API Testing Cheat Sheet

These days, every tester knows what an API is and how to test it. At least, that’s what they say when you ask.

I started testing APIs back in ~2010, and the first time I publicly spoke about it was at the second Bugs'a'loud QA Meetup in 2014. How do I remember? I checked the BugsAloud website. Looking back now, that talk was average at best, but the topic is still just as relevant today.

Even now, I often see API testing done at a very surface level, especially when it comes to public APIs. Yes, logic and functionality are the main priorities - like any software, an API exists to solve a specific client problem.

But API testing shouldn’t stop at the obvious checks. Below, I’m sharing a quick API testing cheat sheet. While these might not be the most critical issues, they are important and can quickly expose deeper problems. Since most modern web and mobile apps rely on REST APIs, this checklist is focused on REST-style APIs.

? Security & Headers

• If the response headers contain a server version, that’s a bug - this information should never be exposed.
• Sending a request with the OPTIONS method should return 204 No Content, along with a header listing supported methods.
• Sending a request with an unsupported HTTP method should return 405 Method Not Allowed.

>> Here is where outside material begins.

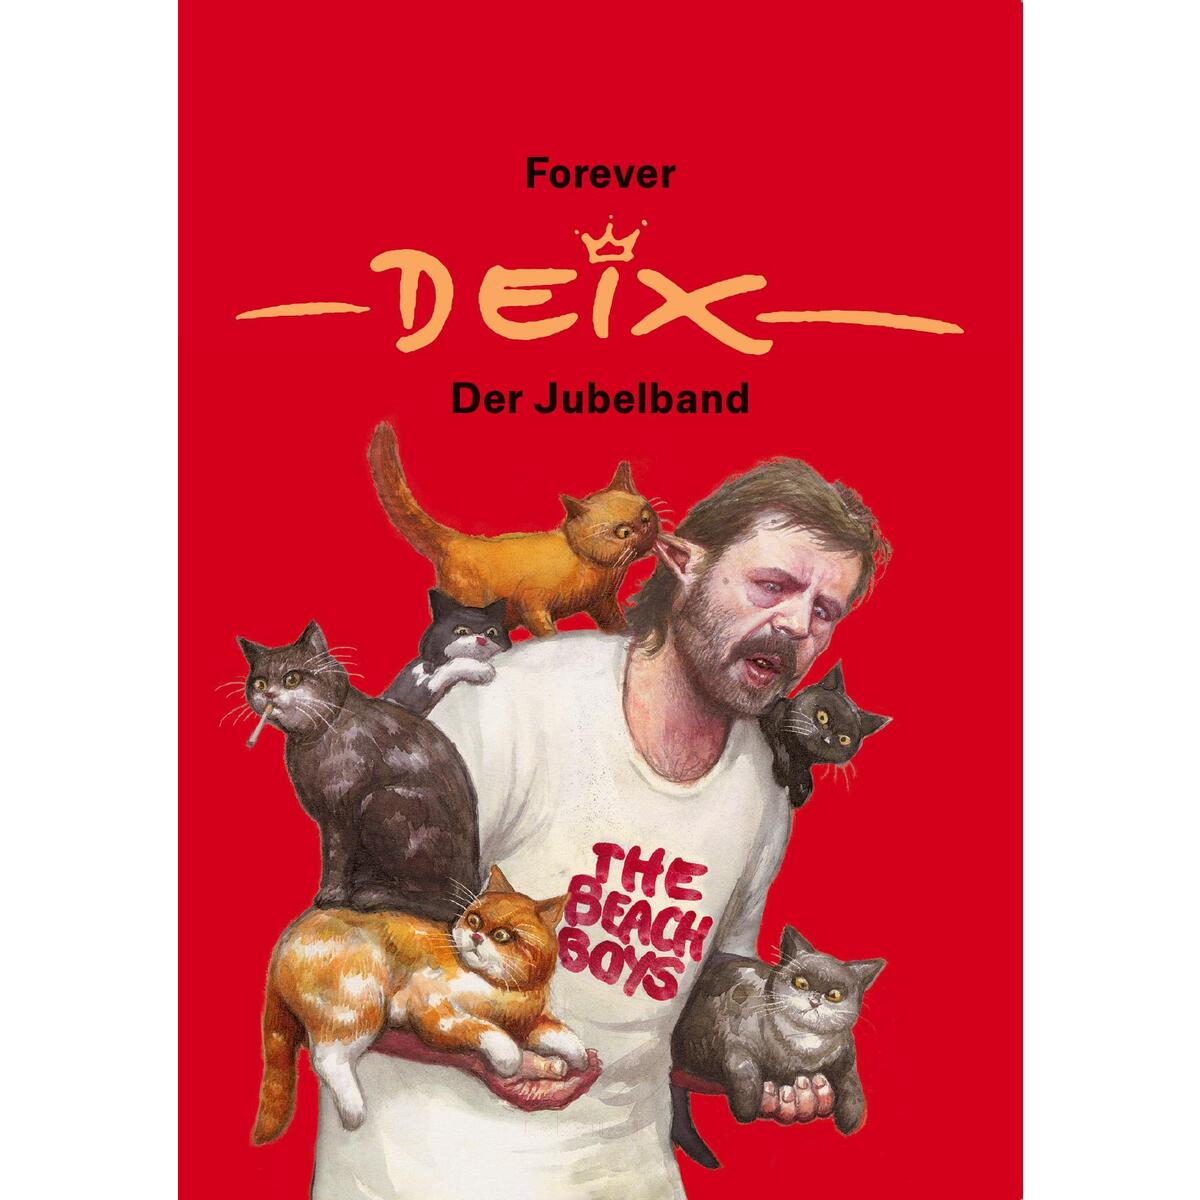 Forever Deix - der Jubelband von Ueberreuter, Carl Verlag

? Data Handling & Input Validation

• Trimming: Send data with extra spaces at the beginning and end. Expected result? The spaces should be trimmed. I’ve seen too many cases where untrimmed strings led to data corruption or broken third-party integrations.
• Limits: Input validation should always happen both on the client and server sides. Check not only individual field limits but also object limits (if multiple objects can be created in a single request) and request size limits.

? Authentication & Authorization

• Try accessing an endpoint without authentication or with invalid credentials. Expected result? 401 Unauthorized (not 403 Forbidden!).
• If you’re using token-based authentication, try invalidating the token and accessing the endpoint again.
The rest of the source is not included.